The code above isn't much shorter, granted.  However, in your code example, send1Mixer and send2Mixer could then be removed, and each of the AudioGainNodes could be connect directly to reverb and chorus, eliminating the need for those mixer nodes.  Additionally, if any one of the g#_# filters is extraneous (in that they will never have a gain != 1.0), they can be left out.  This has the potential to make the audio graph much, much simpler.

Also, in your "playNote()" example above, you have to create a AudioMixerNode and AudioMixerInputNode, just to add a gain effect to a simple one-shot note.  With the above change in API, those two nodes would be replaced by a single AudioGainNode.

Also, eliminating the AudioMixerNode interface removes one class from the IDL, and eliminates the single piece of API where an AudioNode is created by something other than the AudioContext, all without removing any functionality.  

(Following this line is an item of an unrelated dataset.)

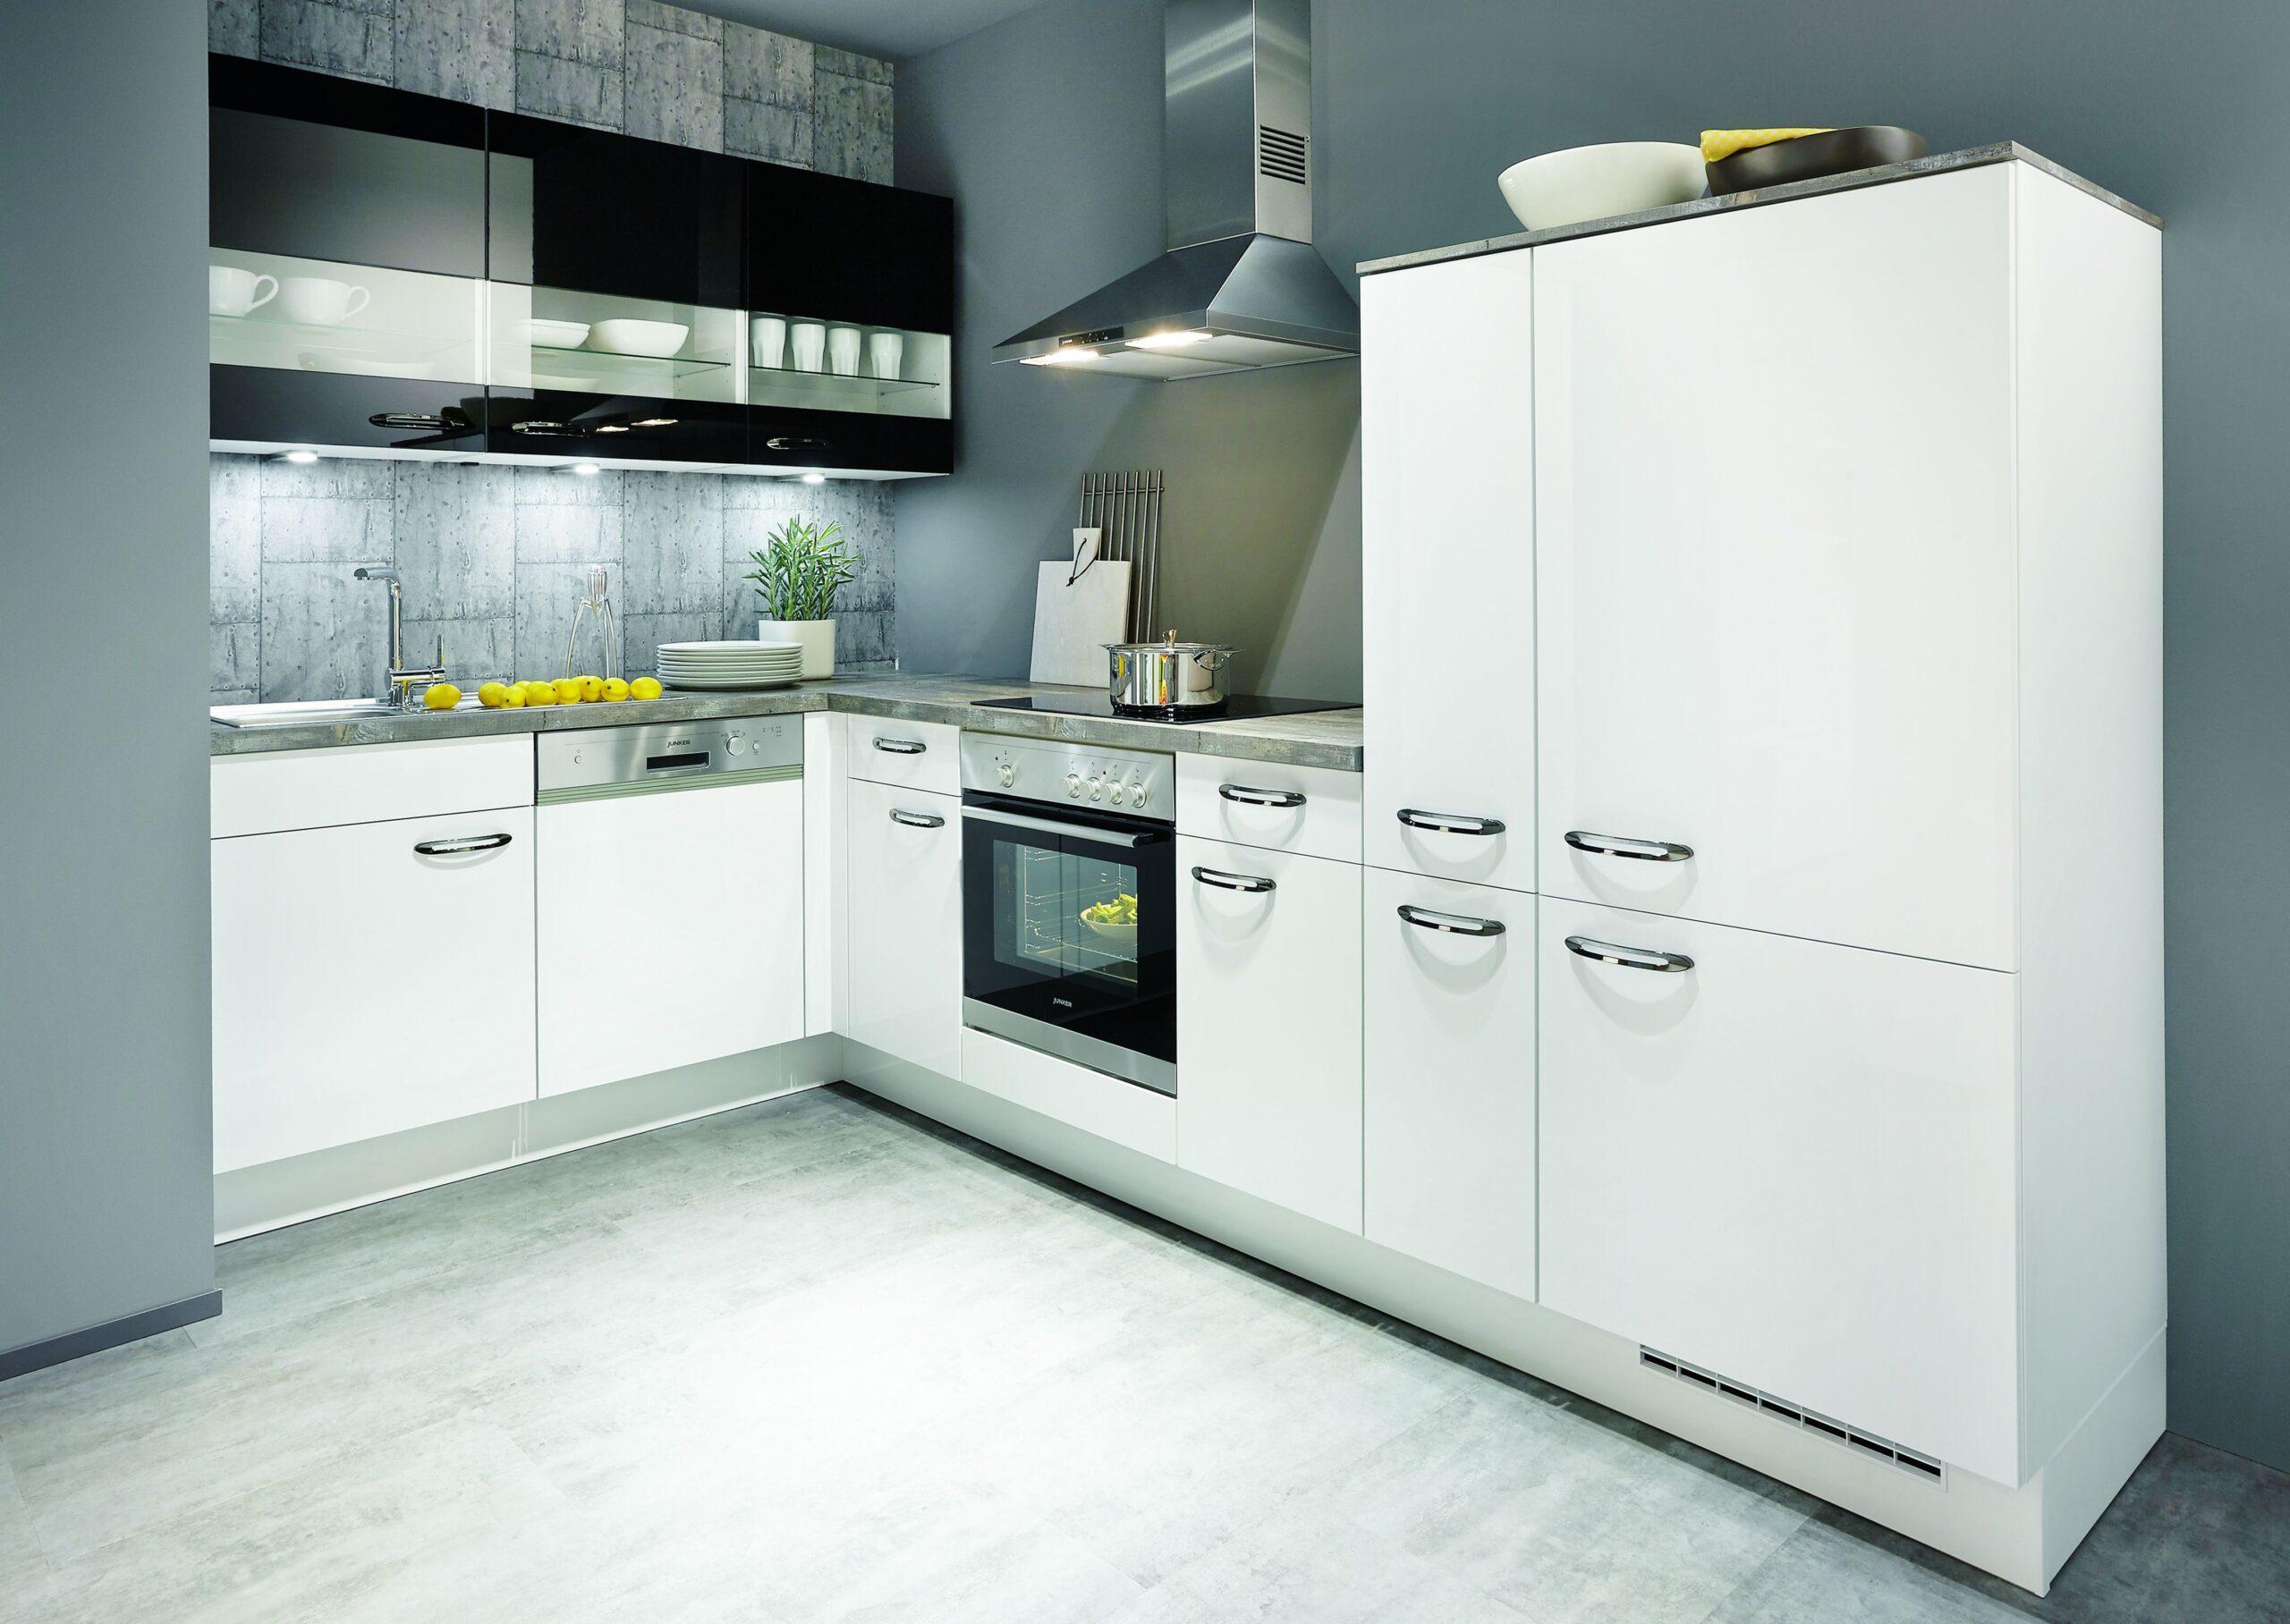 Full Size of Möbelix Küchen Eckkchen Planen Infos Angebote Fr L Kchen Mbelix Regal Wohnzimmer Möbelix Küchen
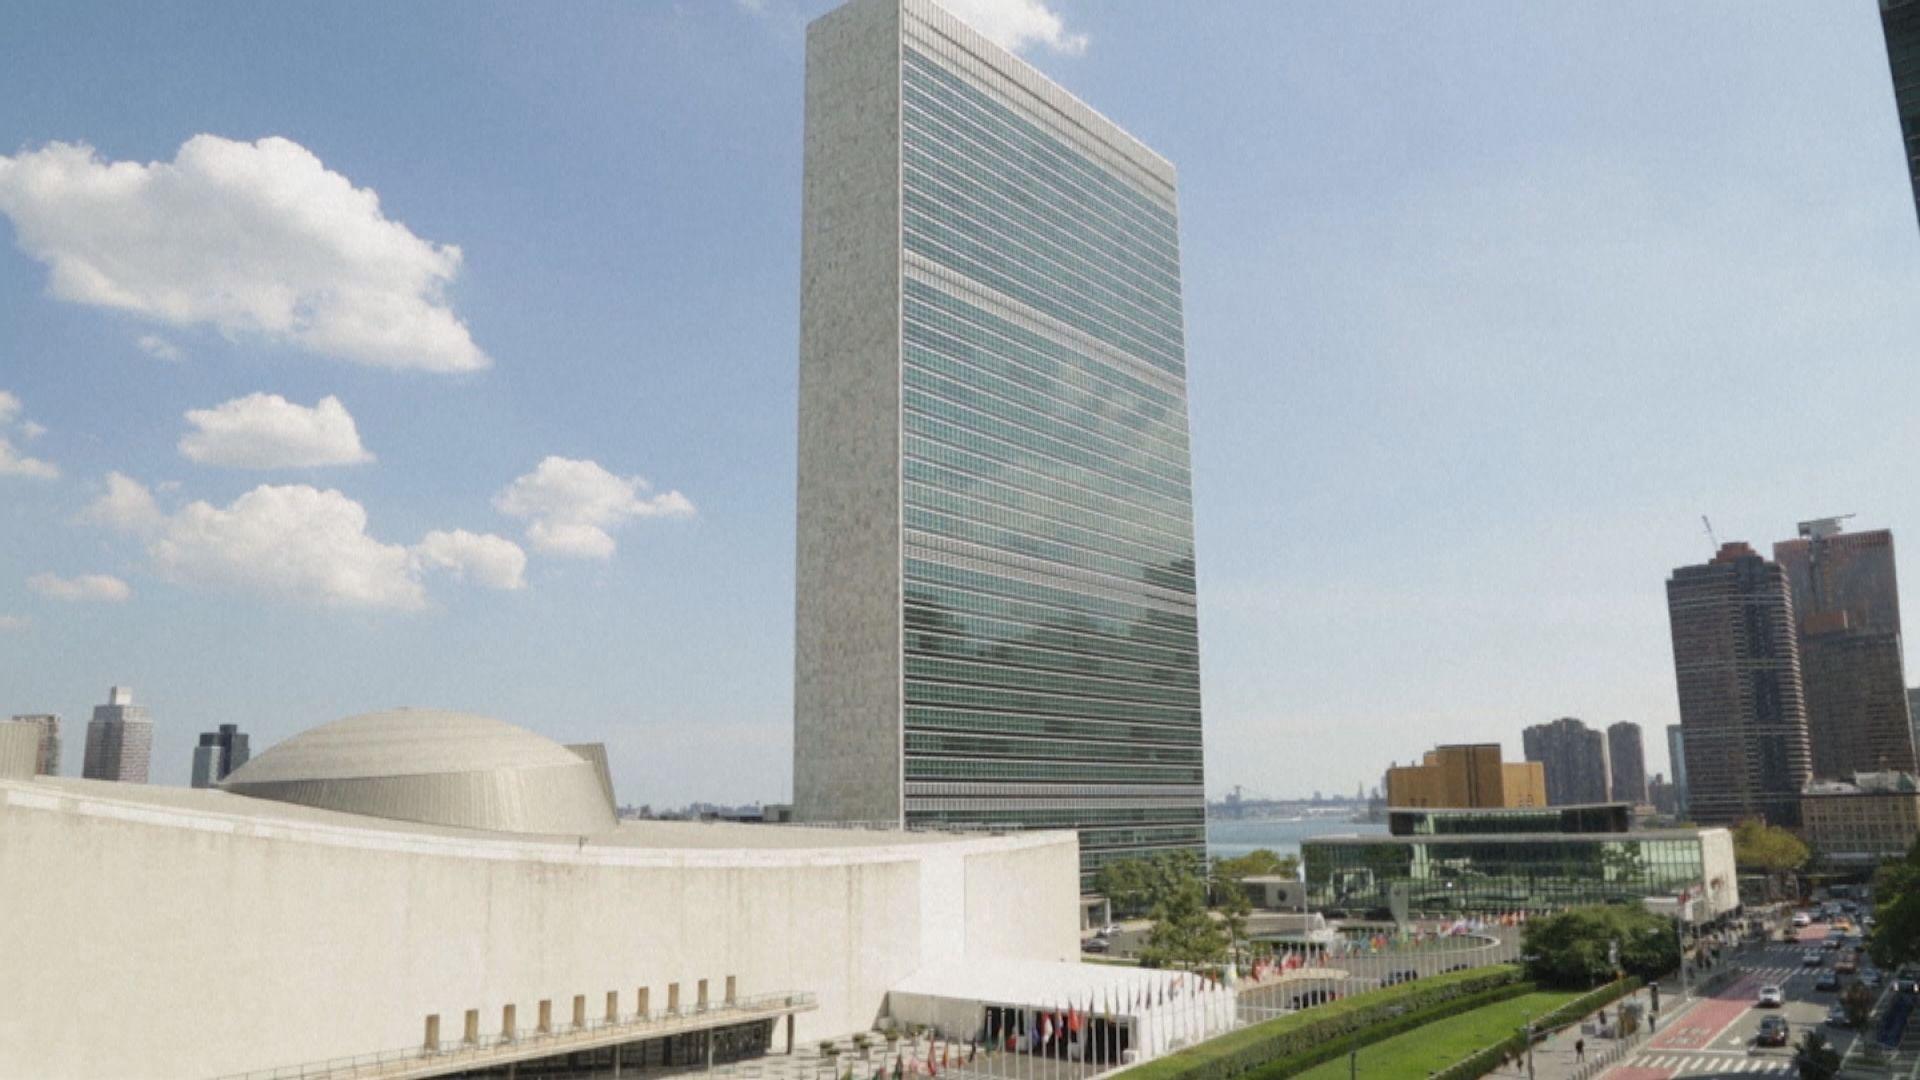 中方強烈不滿美國籲支持台灣參與聯合國 已提出嚴正交涉

Let me give some sample code which demonstrates how much shorter the client's code could be.  From:

> function playSound() {
>   var source = context.createBufferSource();
>   source.buffer = dogBarkingBuffer;
>   var reverb = context.createReverb();
>   source.connect(reverb);
>   var chorus = context.creteChorus(); 
>   source.connect(chorus);
>   var mainMixer = context.createMixer();
>   var gain1 = mainMixer.createInput();
>   reverb.connect(gain1);
>   var gain2 = mainMixer.createInput();
>   chorus.connect(gain2);
>   mainMixer.connect(context.output);
> 
>   source.noteOn(0);
> }

to:

> function playSound() {
>   var source = context.createBufferSource();
>   source.buffer = dogBarkingBuffer;
>   var reverb = context.createReverb();
>   source.connect(reverb);
>   var chorus = context.creteChorus(); 
>   source.connect(chorus);
>   reverb.connect(context.output);
>   chorus.connect(context.output);
> 
>   source.noteOn(0);
> }


Or the same code with the Constructors addition below:

> function playSound() {
>   var reverb = context.createReverb(context.output);
>   var chorus = context.creteChorus(context.output); 
>   var source = context.createBufferSource([reverb, chorus]);
>   source.buffer = dogBarkingBuffer;
> 
>   source.noteOn(0);
> }


Okay, so I kind of cheated and passed in an Array to the "createBufferSource()" constructor.  But that seems like a simple addition which could come in very handy, especially given the "fanout" nature of inputs.   Taken together, this brings a 13-line function down to 5 lines.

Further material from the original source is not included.